During his introduction of Robert Wrigley, McGrath cited Shelley's now famous line from the "Defence of Poetry": "Poets are the unacknowledged legislators of the world." Campbell connected that statement to Coleridge and Wordworth's Lyrical Ballads,--an influence on the writings of Emerson, Thoreau, and John Muir. It was Muir's friendship with Teddy Roosevelt, the de facto father of the National Park System in America, that led to the preservation of the Everglades, of which many of us in Florida are now the beneficiaries.
The poems in Lyrical Ballads, as Campbell also pointed out, would go on to influence a generation of poets, and once they became enshrined in Palgrave's Golden Treasury of English Songs and Lyrics, would skip across the pond to the British West Indies and find their way into the work of poets such as Derek Walcott, Kamau Brathwaite, Philip Sherlock and John Figueroa. Whether the aesthetic was accepted or resisted (Oak vs. Mango), the influence remains undeniable--a point that Kamau Brathwaite made clear to the poets who attended the Caribbean Writers' Summer Institute. So one could, in fact, trace a poetic lineage from the publication of the Lyrical Ballads through Palgrave's Golden Treasury to the poets who attended the CWSI.
Unfortunately, at least for now, that is where the resemblances end. The Romantic poetic tradition became part of the consciousness of those who influenced American and British politics, but I can find no evidence of a similar movement in Caribbean politics. There are many reasons for this. And they begin with our history of slavery/colonialism and poverty.
It is very difficult for a people to love a land which has been the source of so much physical and psychic trauma.
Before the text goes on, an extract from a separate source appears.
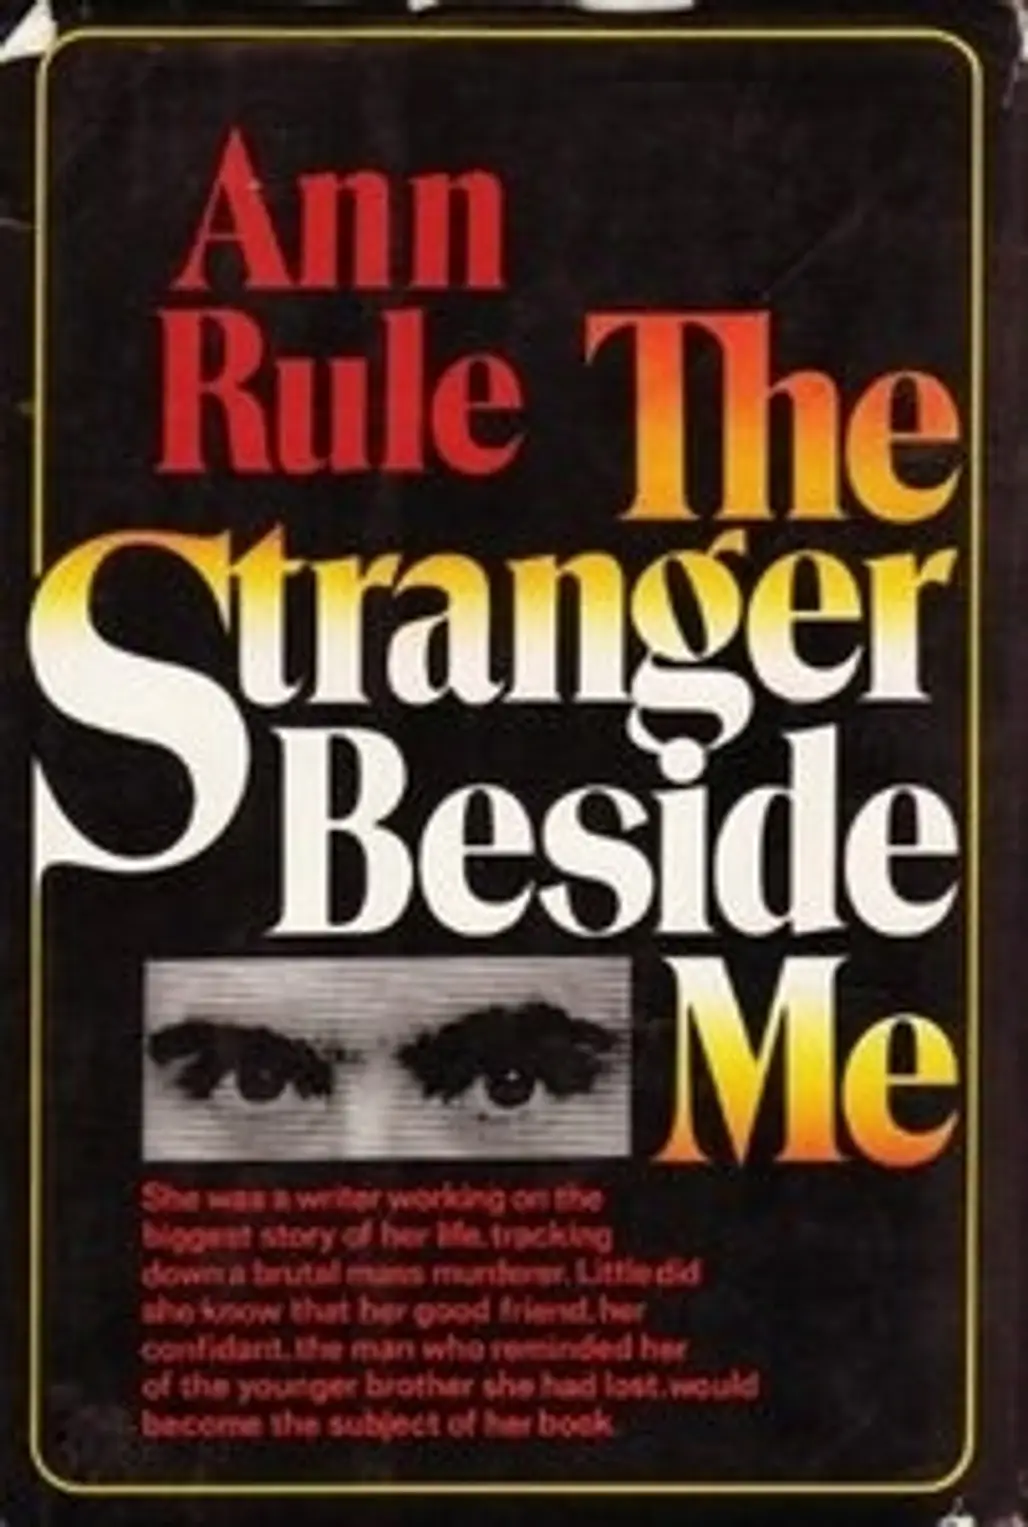 The Stranger beside Me by Ann Rule

The Caribbean unlike Britain was viewed as a place to be exploited and everyone who came here--willingly or unwillingly--saw the land either as a curse or place to be pillaged. These attitudes are still prevalent. For whereas many British, Scottish, Welsh, and Irish poets can trace back into pre-history the verbs, nouns, and phrases that seep into their verse (e.g. Seamus Heaney), the Caribbean cannot boast any such sustained loving relationship with the land.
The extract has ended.